DATASET EXTRACT:
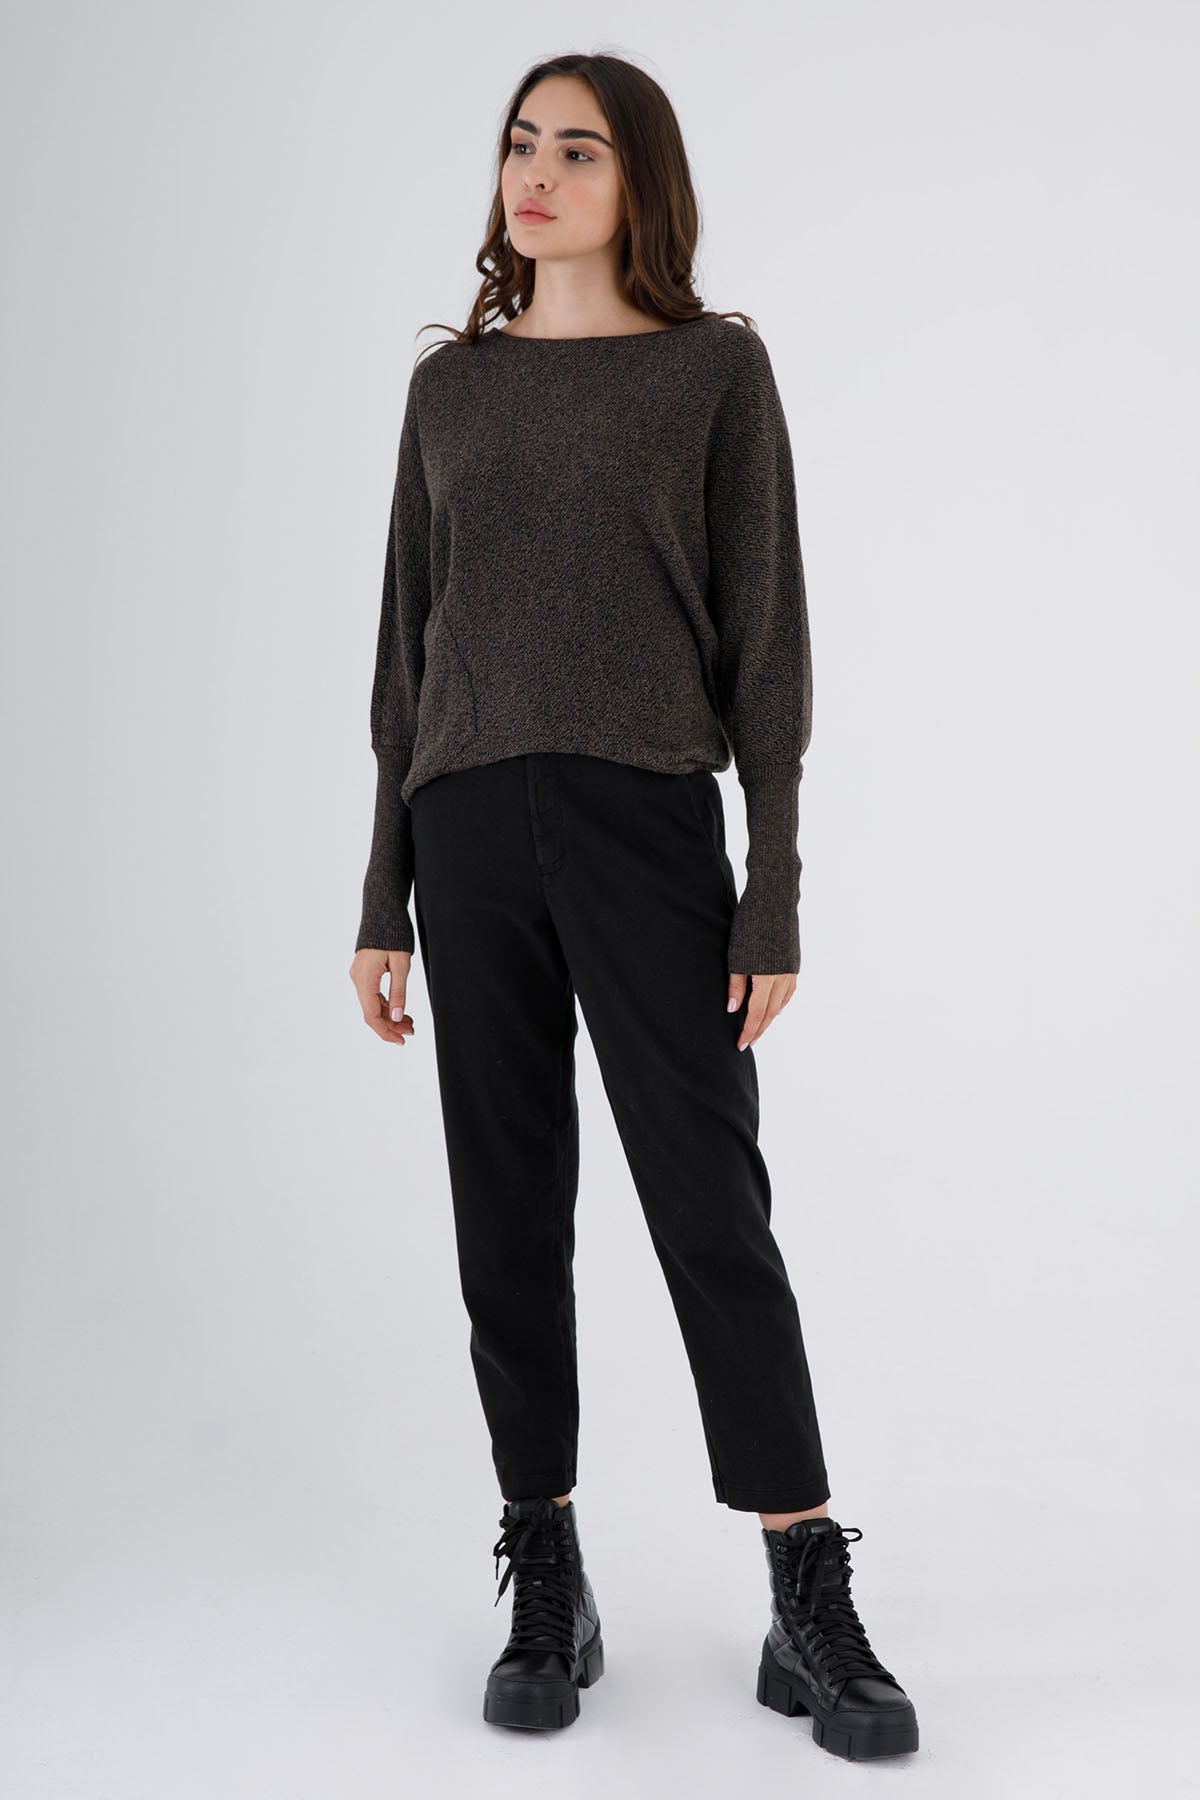 Transit Yüksek Bel Streç Pantolon-Libas Trendy Fashion Store
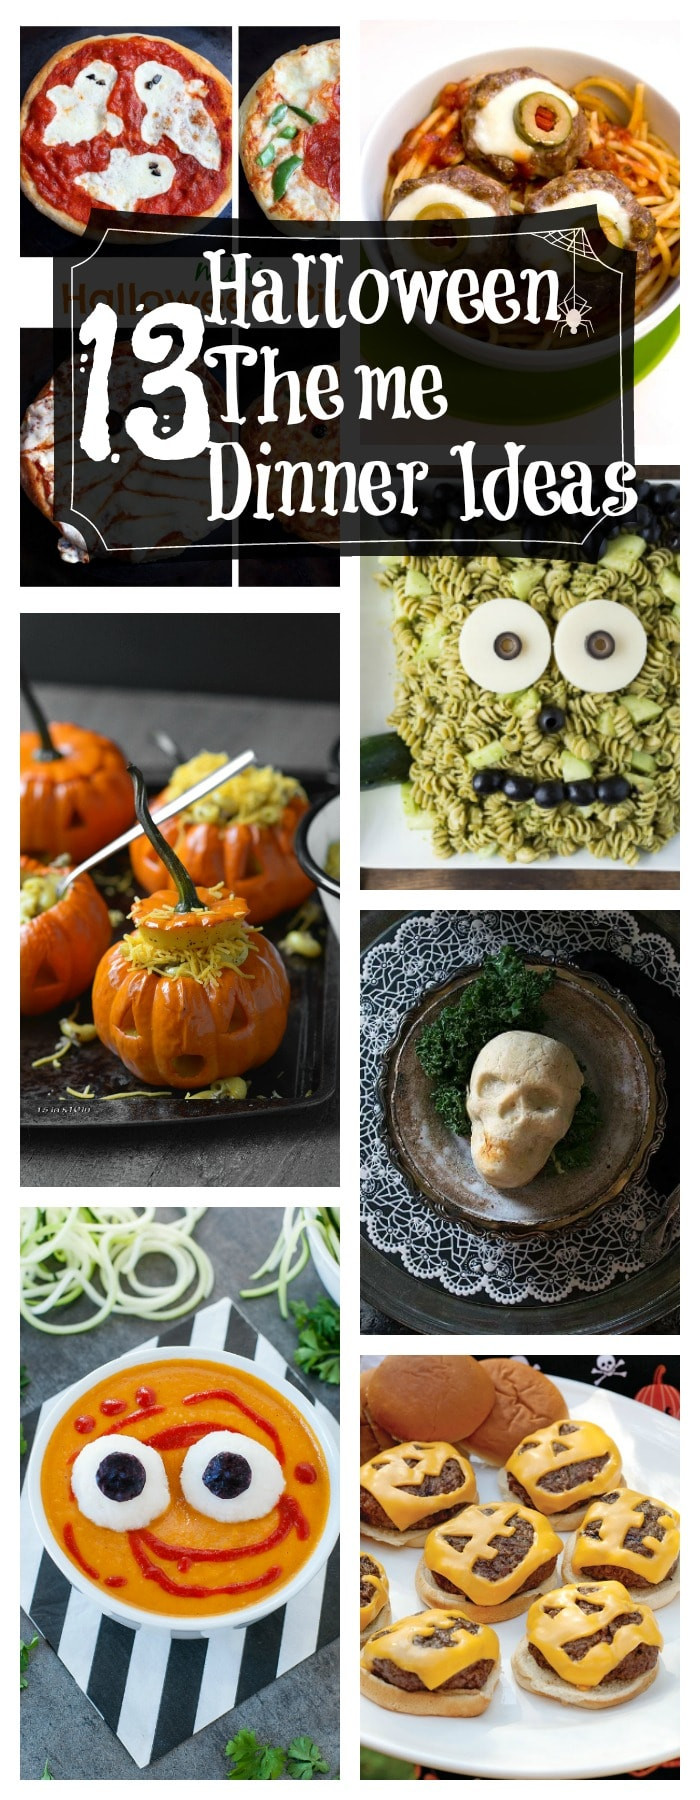 Halloween Themed Dinners
 13 Healthy Halloween Themed Dinner Ideas
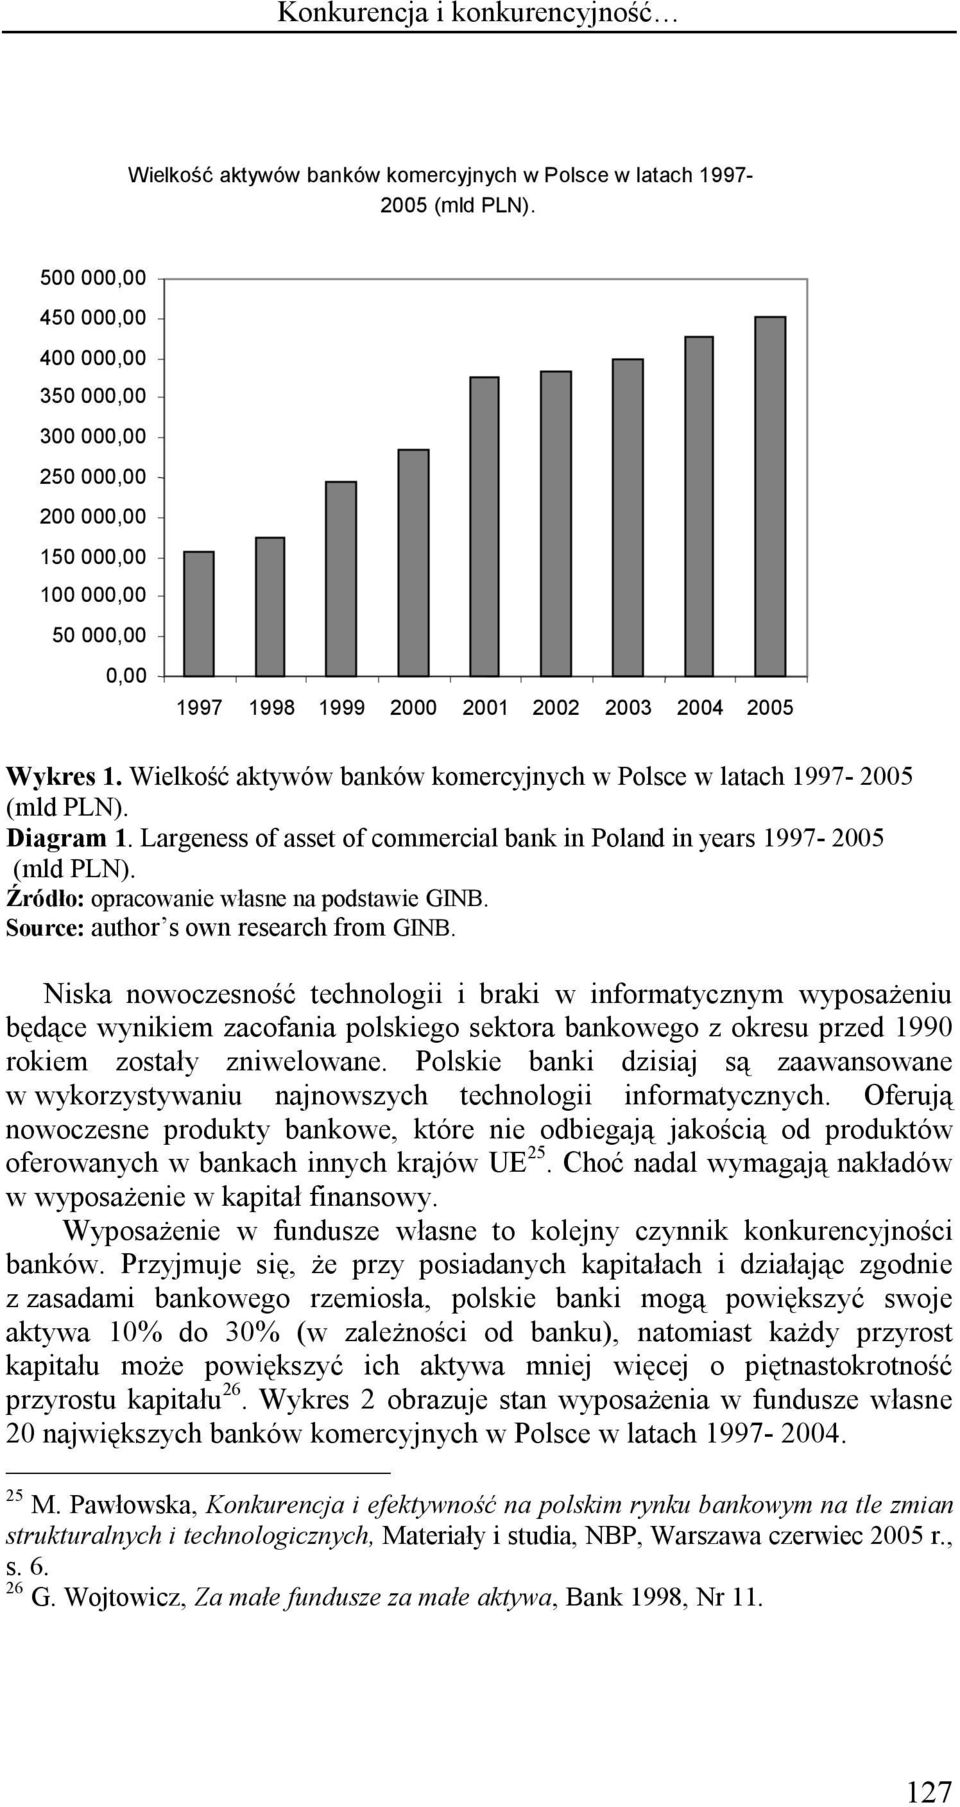 Wielkość aktywów banków komercyjnych w Polsce w latach 1997-2005 (mld PLN). Diagram 1. Largeness of asset of commercial bank in Poland in years 1997-2005 (mld PLN).
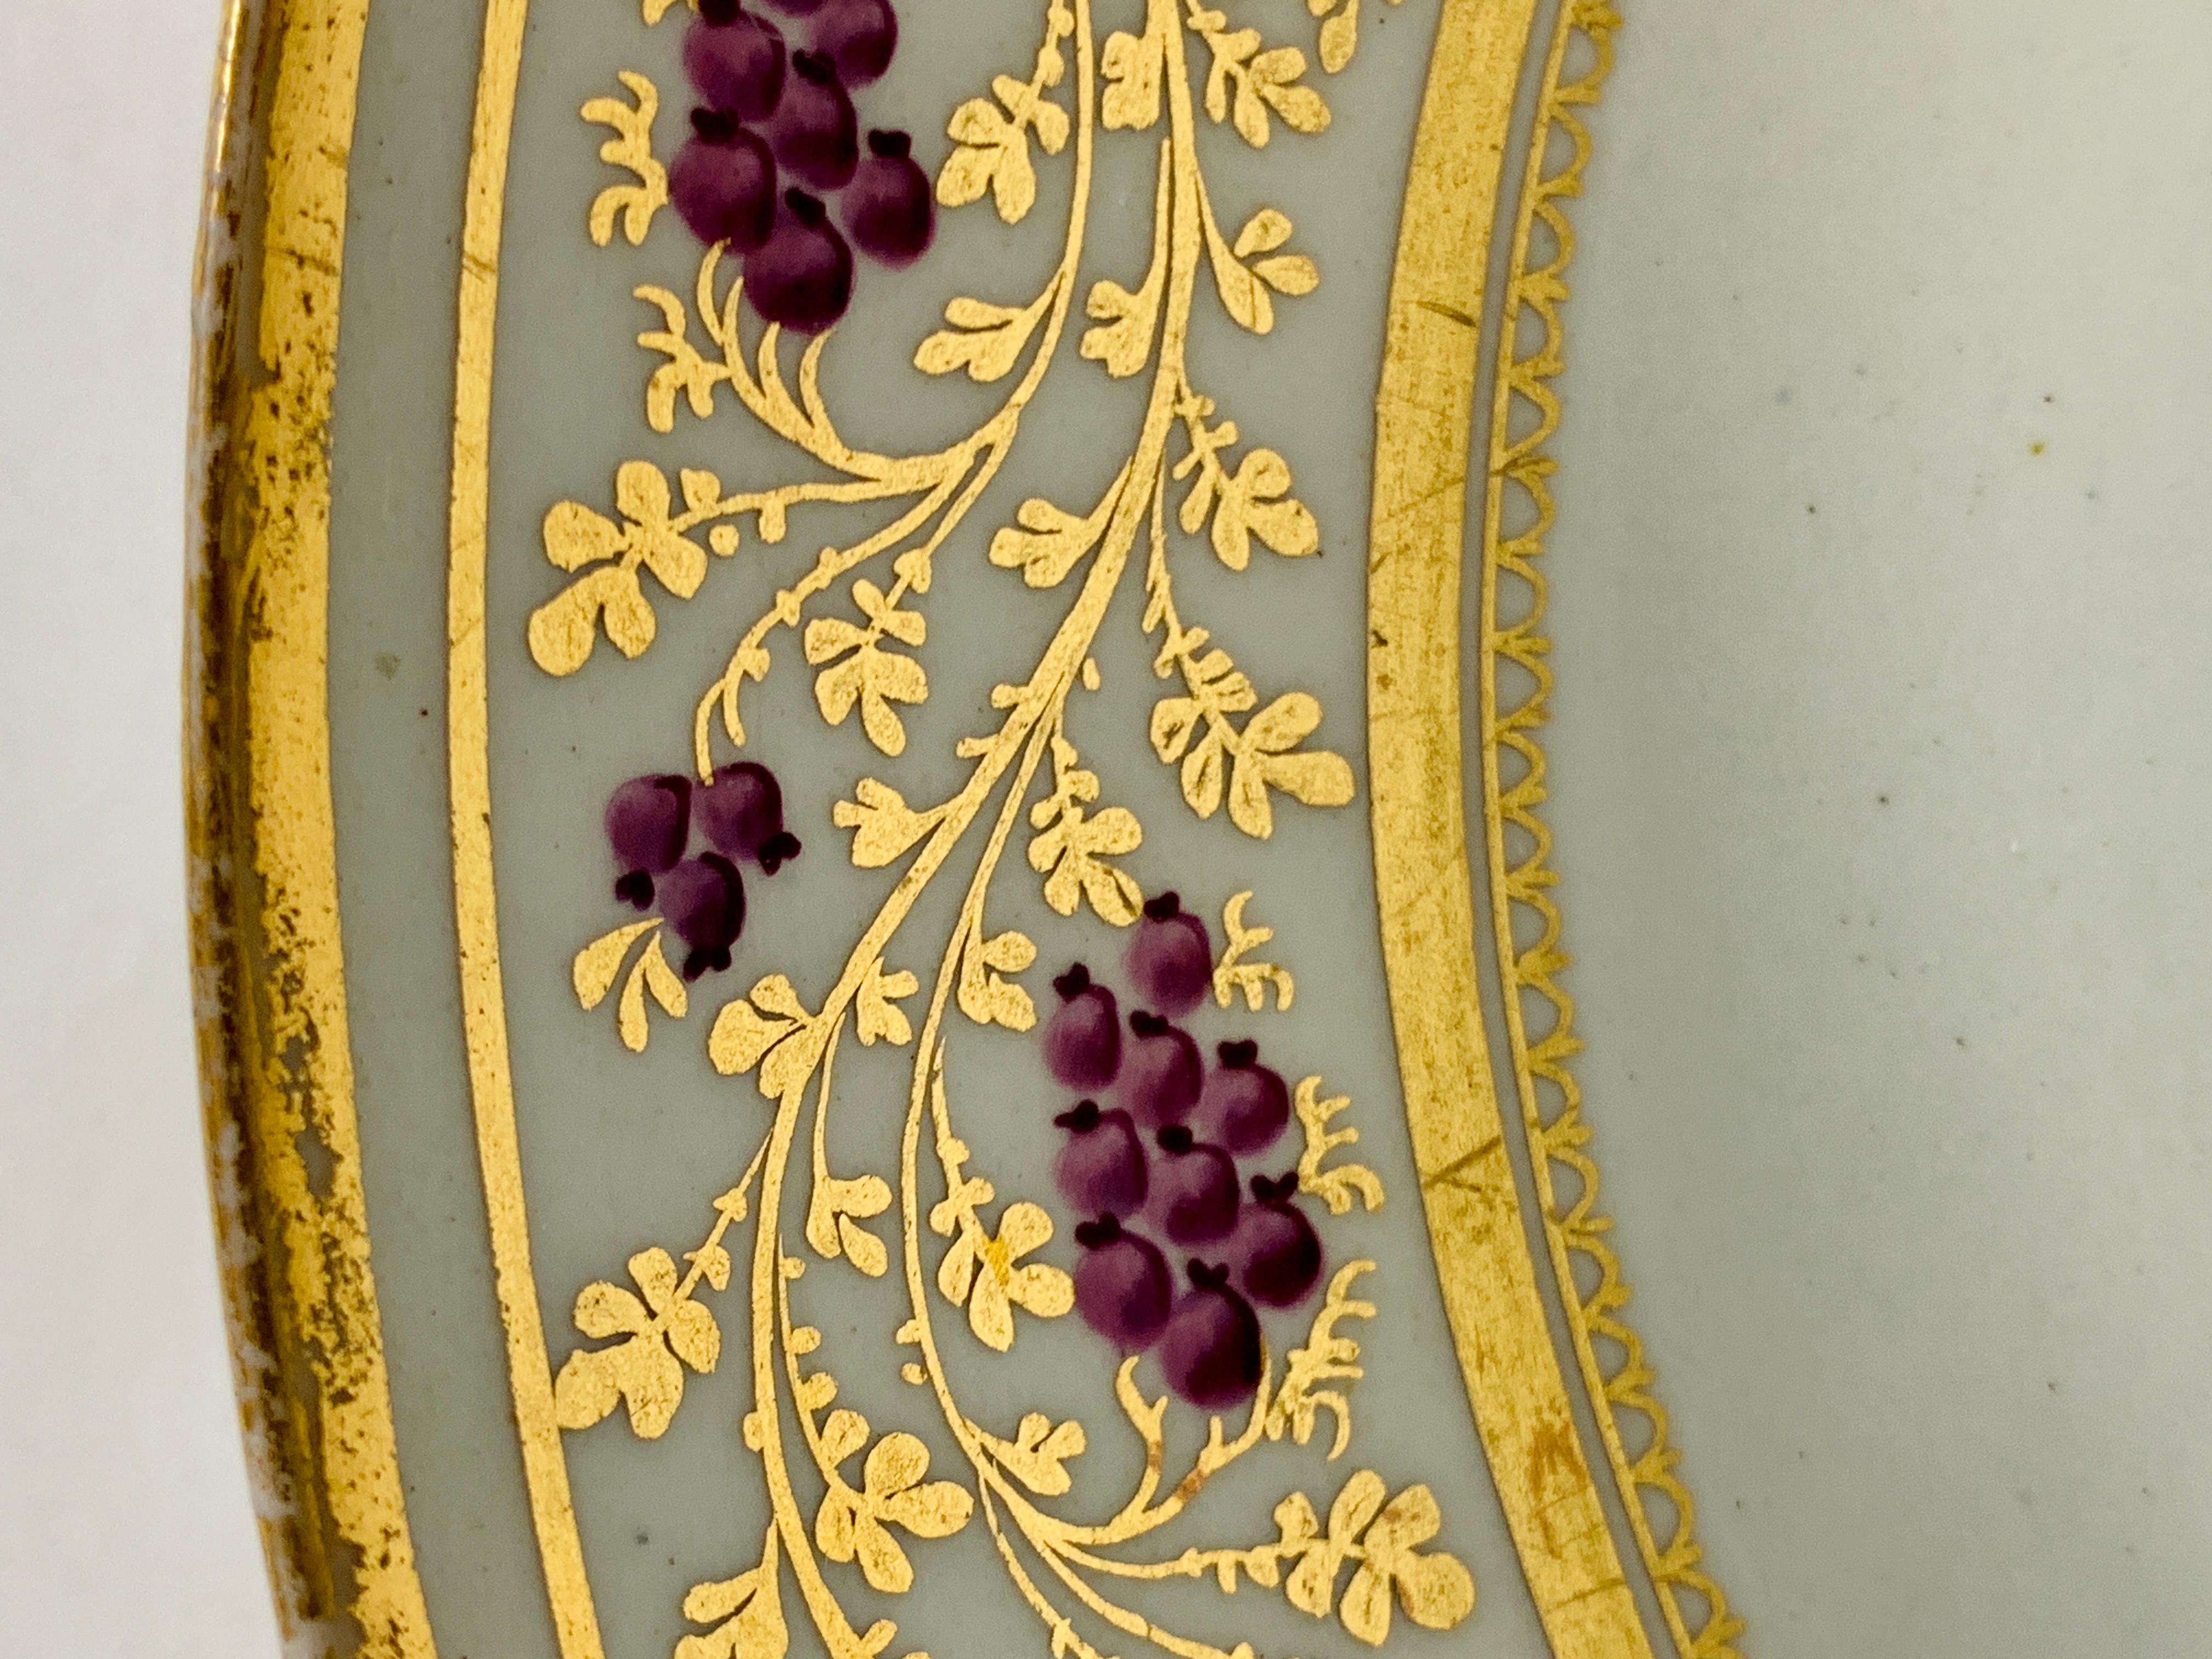 Provenienz: Die Privatsammlung von Mario Buatta
Diese exquisite Schale wurde um 1810 von New Hall in England hergestellt und zeigt violette Beeren auf einer goldenen Ranke.
Die Vergoldung ist üppig, und die violetten Beeren sind klein, aber

DIRECTIONS FOR THIS TASK:
From the material above, copy everything exactly but the pictures.

RESPONSE TO THIS EXERCISE:
 Transit Yüksek Bel Streç Pantolon-Libas Trendy Fashion Store
 Halloween Themed Dinners
 13 Healthy Halloween Themed Dinner Ideas
 Wielkość aktywów banków komercyjnych w Polsce w latach 1997-2005 (mld PLN). Diagram 1. Largeness of asset of commercial bank in Poland in years 1997-2005 (mld PLN).
 Provenienz: Die Privatsammlung von Mario Buatta
Diese exquisite Schale wurde um 1810 von New Hall in England hergestellt und zeigt violette Beeren auf einer goldenen Ranke.
Die Vergoldung ist üppig, und die violetten Beeren sind klein, aber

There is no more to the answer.